I'm trying to run a SVM classifier but it runs endlessly, its been 6 hours now and it's still running. This is the code
import numpy as np
from sklearn import preprocessing, model_selection, neighbors, svm
from sklearn.metrics import confusion_matrix
from sklearn import metrics
import pandas as pd
import cv2
import os
from random import shuffle
from tqdm import tqdm
import pandas as pd
df = pd.read_csv('dataset_binary.csv')
df.replace('?',-99999, inplace=True)
X = np.array(df.drop(['label'], 1))
y = np.array(df['label'])
X_train, X_test, y_train, y_test = model_selection.train_test_split(X, y, test_size=0.1)

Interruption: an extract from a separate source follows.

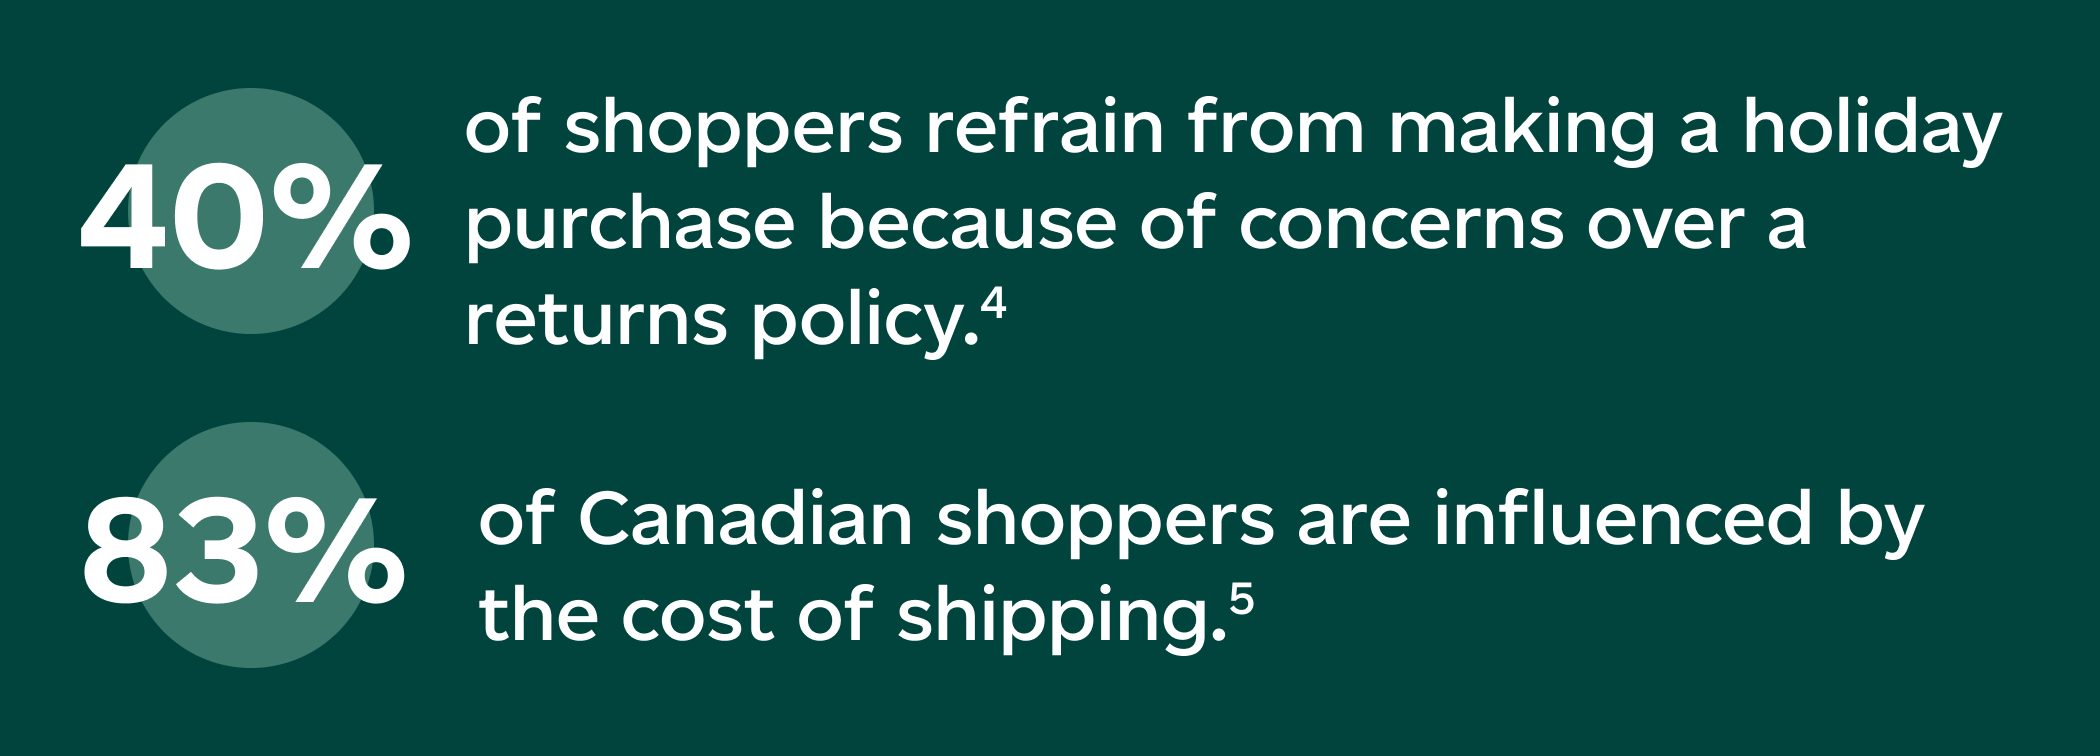 40% of shoppers avoid making a holiday purchase due to returns policy concerns. 83% of Canadian shoppers are influenced by the cost of shipping.

print('Test Train Split Done')
clf = svm.SVC(kernel = 'linear')
clf.fit(X_train, y_train)
svm_predictions = clf.predict(X_test)
print('Classification')
accuracy = clf.score(X_test, y_test)
print("Accuracy =", accuracy)
report = metrics.classification_report(y_test,clf.predict(X_test))
print("Report")
print(report)
su_vec = clf.support_vectors_
print('support vectors')
print(su_vec)
The csv file which is the dataset here looks like this Screenshot of the CSV file
The CSV file has got 492981 entries
I'm running it in my laptop which is Core i7 9th Gen with 16 Gigs of RAM and GTX 1660 Ti GPU but i'm not using the GPU yet.
This seemed like a pretty straightforward code to run but it's been 6 hrs and it's still running What am I doing wrong here ?
CodePudding user response:
Try using SVC , that might solve the issue but it looks fine to me, SVM can be used both for classification and regression and thus uses more computing power, where as svc is only for classification purpose so uses less computing power so it will reduce the load on your cpu or simply use google collab.
CodePudding user response:
If you data is continous (e.g. not categorical or of a mixed-type), then you could aid the SVM by scaling the data (e.g. StandardScaler
or MinMaxScaler
). This should speed up the training.